- Opening Delimiter -
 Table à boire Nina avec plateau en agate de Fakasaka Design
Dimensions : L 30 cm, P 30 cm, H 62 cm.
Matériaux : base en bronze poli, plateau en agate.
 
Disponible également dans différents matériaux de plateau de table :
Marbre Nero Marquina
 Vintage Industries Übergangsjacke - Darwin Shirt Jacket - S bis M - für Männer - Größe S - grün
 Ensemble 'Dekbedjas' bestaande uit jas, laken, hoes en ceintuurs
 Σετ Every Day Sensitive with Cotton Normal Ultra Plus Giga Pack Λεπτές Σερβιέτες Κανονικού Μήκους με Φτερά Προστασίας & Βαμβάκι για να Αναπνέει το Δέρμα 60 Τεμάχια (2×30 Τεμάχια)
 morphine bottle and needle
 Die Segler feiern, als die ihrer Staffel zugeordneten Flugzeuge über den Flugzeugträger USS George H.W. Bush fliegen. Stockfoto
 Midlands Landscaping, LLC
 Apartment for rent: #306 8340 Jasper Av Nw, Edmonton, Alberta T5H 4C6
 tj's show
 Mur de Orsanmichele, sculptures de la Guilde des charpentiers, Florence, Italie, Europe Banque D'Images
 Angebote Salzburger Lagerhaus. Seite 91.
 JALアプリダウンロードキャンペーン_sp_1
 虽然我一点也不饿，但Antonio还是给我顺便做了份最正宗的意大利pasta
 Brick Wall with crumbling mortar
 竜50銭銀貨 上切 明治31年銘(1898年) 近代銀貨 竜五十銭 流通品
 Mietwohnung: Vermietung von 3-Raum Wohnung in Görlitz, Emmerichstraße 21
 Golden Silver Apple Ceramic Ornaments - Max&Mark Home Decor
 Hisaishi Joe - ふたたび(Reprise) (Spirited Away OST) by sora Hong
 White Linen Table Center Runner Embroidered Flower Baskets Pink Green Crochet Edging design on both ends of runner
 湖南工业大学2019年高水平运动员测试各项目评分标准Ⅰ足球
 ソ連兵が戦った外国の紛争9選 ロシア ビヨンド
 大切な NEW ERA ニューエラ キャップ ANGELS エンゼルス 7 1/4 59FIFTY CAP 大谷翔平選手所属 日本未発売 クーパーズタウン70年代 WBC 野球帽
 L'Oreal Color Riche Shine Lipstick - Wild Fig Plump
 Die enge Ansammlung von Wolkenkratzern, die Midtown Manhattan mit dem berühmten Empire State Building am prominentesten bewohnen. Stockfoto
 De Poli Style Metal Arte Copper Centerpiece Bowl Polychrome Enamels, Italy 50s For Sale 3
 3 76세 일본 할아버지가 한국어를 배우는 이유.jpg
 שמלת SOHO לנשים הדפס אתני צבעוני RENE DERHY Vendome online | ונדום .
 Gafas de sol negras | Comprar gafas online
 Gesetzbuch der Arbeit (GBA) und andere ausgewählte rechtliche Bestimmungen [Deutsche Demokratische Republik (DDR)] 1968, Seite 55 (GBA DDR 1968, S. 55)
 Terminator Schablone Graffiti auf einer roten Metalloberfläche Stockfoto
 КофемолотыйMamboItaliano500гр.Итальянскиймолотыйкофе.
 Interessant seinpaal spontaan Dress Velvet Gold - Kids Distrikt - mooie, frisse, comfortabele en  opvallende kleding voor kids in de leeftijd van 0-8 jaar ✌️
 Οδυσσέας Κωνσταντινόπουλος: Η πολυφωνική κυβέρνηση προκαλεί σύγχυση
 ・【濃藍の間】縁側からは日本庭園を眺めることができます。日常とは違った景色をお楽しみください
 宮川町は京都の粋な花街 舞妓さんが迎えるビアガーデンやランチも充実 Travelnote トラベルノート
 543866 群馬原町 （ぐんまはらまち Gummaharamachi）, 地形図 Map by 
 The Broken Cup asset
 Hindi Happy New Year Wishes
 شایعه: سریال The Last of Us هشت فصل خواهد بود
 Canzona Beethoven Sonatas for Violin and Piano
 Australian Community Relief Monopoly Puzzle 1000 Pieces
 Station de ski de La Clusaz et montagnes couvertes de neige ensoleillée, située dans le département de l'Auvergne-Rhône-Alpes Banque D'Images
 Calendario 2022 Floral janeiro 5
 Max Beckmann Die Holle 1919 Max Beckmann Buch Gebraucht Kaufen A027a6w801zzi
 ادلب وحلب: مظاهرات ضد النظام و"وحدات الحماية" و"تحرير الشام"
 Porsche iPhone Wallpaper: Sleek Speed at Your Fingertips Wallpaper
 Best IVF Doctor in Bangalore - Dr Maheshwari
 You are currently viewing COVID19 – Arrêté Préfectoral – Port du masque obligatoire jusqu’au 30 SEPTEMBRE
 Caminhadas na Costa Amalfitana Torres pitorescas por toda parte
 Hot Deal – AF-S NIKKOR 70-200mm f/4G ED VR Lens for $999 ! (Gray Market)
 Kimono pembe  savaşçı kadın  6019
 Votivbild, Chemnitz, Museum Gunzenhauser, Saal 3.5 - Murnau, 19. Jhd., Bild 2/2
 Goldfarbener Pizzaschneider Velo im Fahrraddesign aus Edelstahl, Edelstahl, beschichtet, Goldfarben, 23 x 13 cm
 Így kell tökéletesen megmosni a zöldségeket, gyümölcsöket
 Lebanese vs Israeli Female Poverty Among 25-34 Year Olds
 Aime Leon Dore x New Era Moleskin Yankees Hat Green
- Closing Delimiter -
▶ **Instructions to follow**
Where a line of the records has the string "Images", return that line.

▶ **Answer box**
 Mur de Orsanmichele, sculptures de la Guilde des charpentiers, Florence, Italie, Europe Banque D'Images
 Station de ski de La Clusaz et montagnes couvertes de neige ensoleillée, située dans le département de l'Auvergne-Rhône-Alpes Banque D'Images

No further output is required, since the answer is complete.